California Law Firm and Executives Settle Alleged False Claims Act Over Misuse of PPP Loan Funds

California Law Firm and Executives Settle Alleged False Claims Act Over Misuse of PPP Loan Funds

[ad_1]

The Bloom Firm, a California-based law firm, and principals Lisa Bloom and Braden Pollock, have agreed to pay a total of $274,000 to settle allegations that they violated the False Claims Act by providing false information in support of the Paycheck Protection Program. (PPP) loan forgiveness application.

The PPP was established in March 2020 under the Coronavirus Aid, Relief, and Economic Security (CARES) Act to provide financial assistance to small businesses struggling due to the COVID-19 pandemic. These loans, meant to cover salaries and other business expenses, were forgivable if the funds were used properly. When applying for forgiveness, borrowers had to confirm that the information they provided was true and that the money was being used for proper expenses.

According to the US Department of Justice, The Bloom Firm, under the supervision of Bloom and Pollock, falsely certified that it used its first PPP loan for eligible settlement costs. The government alleges that the company is using part of the PPP loan to pay workers who were not eligible for PPP funds or who did not work for the company at the time of the loan. As part of the settlement, the Bloom Firm will pay $204,200.34, while Bloom and Pollock will each pay $35,384.49.

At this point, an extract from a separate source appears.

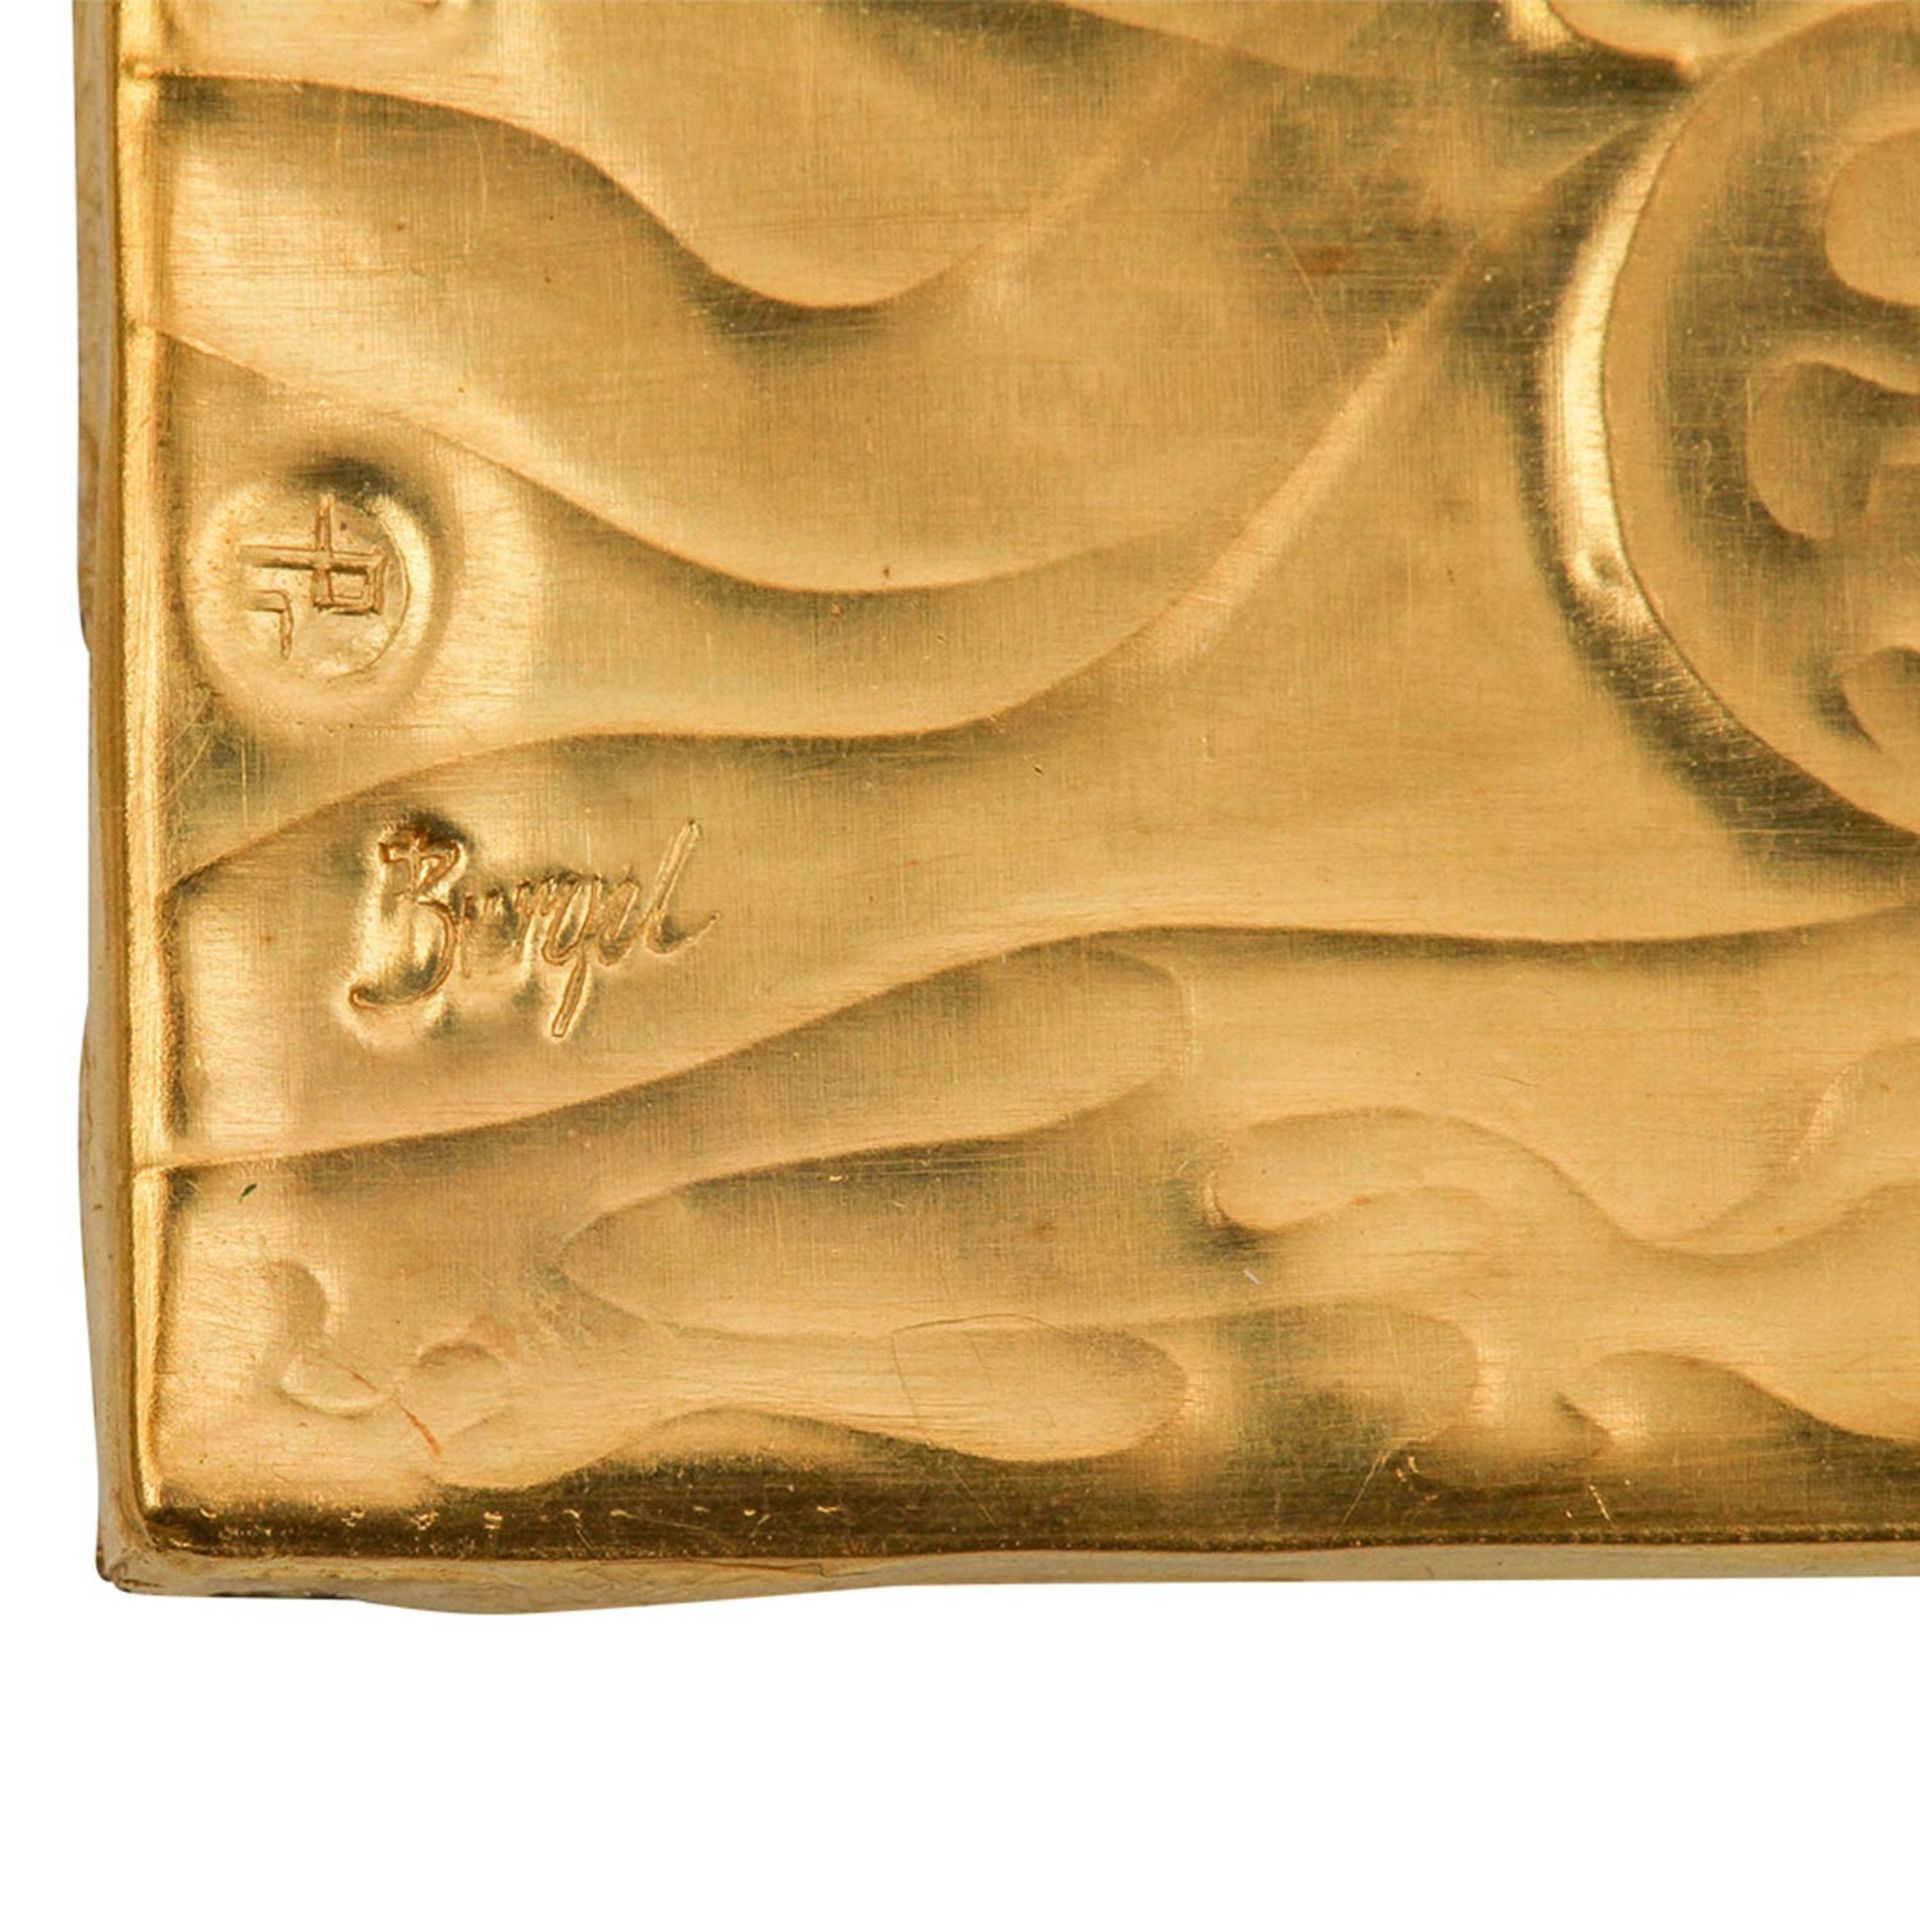 Goldminiatur "Semé" (1966) von E. BURGEL,Gold 900, gerieben + ziseliert, quadratisch, auf Acryl - Image 5 of 6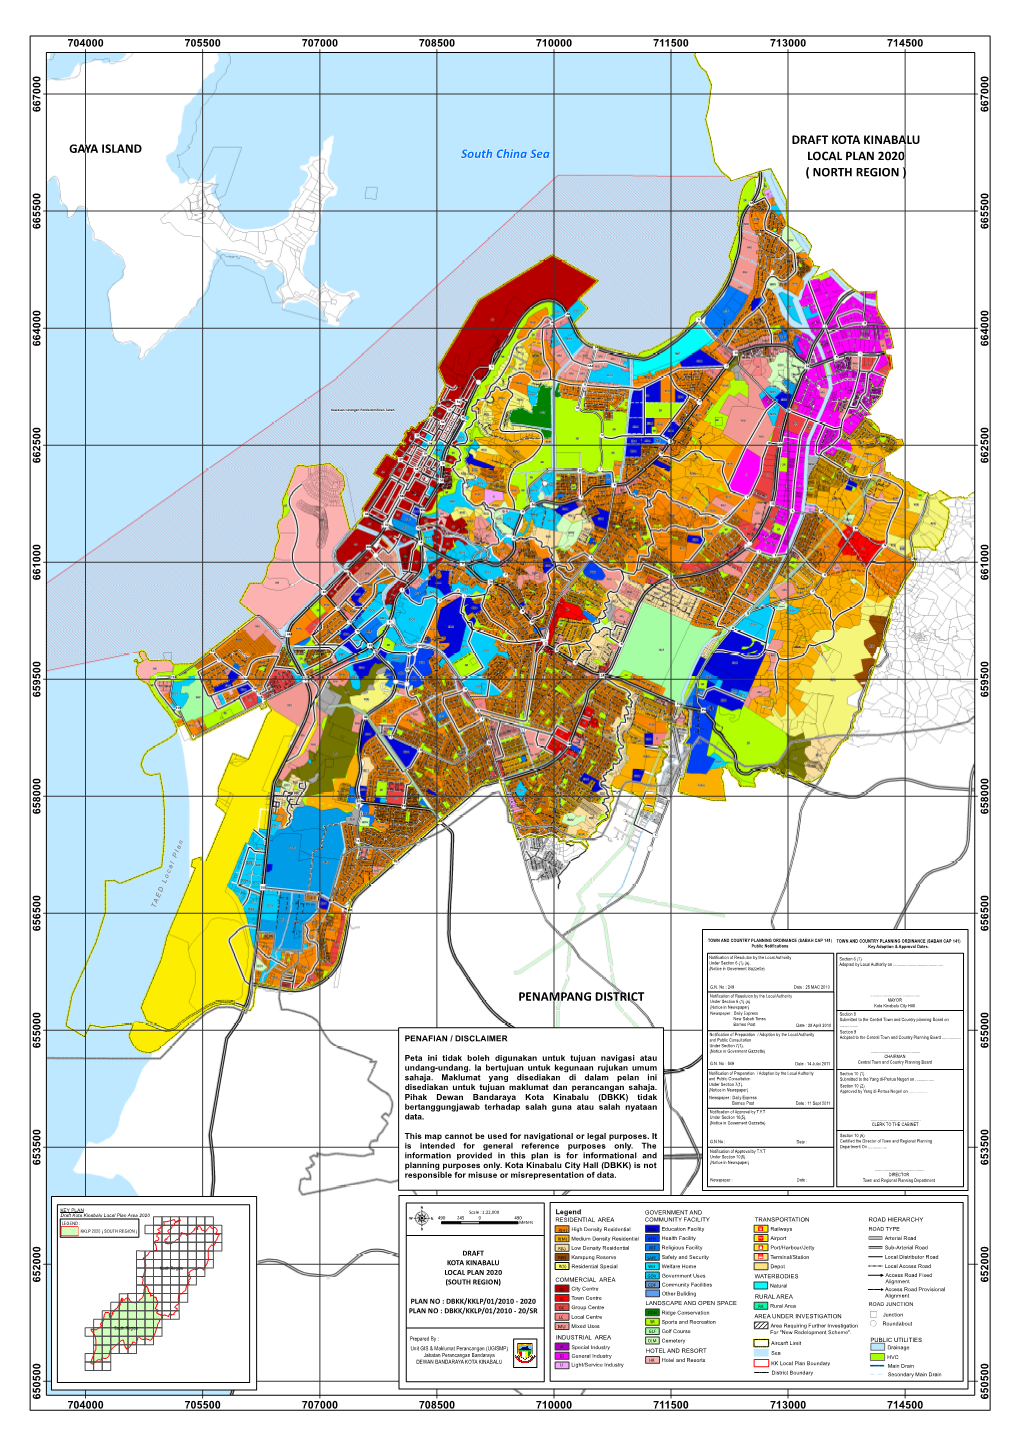 Draft Kota Kinabalu Local Plan 2020 ( North Region )

“PPP loans were intended to provide significant relief to small businesses,” said Principal Deputy Assistant Attorney General Brian M. Boynton of the Justice Department’s Labor Division. “The department is committed to following those who misuse this tax-payer funded program.”

U.S. Attorney Martin Estrada for the Central District of California added, “Lawyers have a duty to follow the law to the letter – especially when it comes to government programs that help people and businesses affected by COVID-19.”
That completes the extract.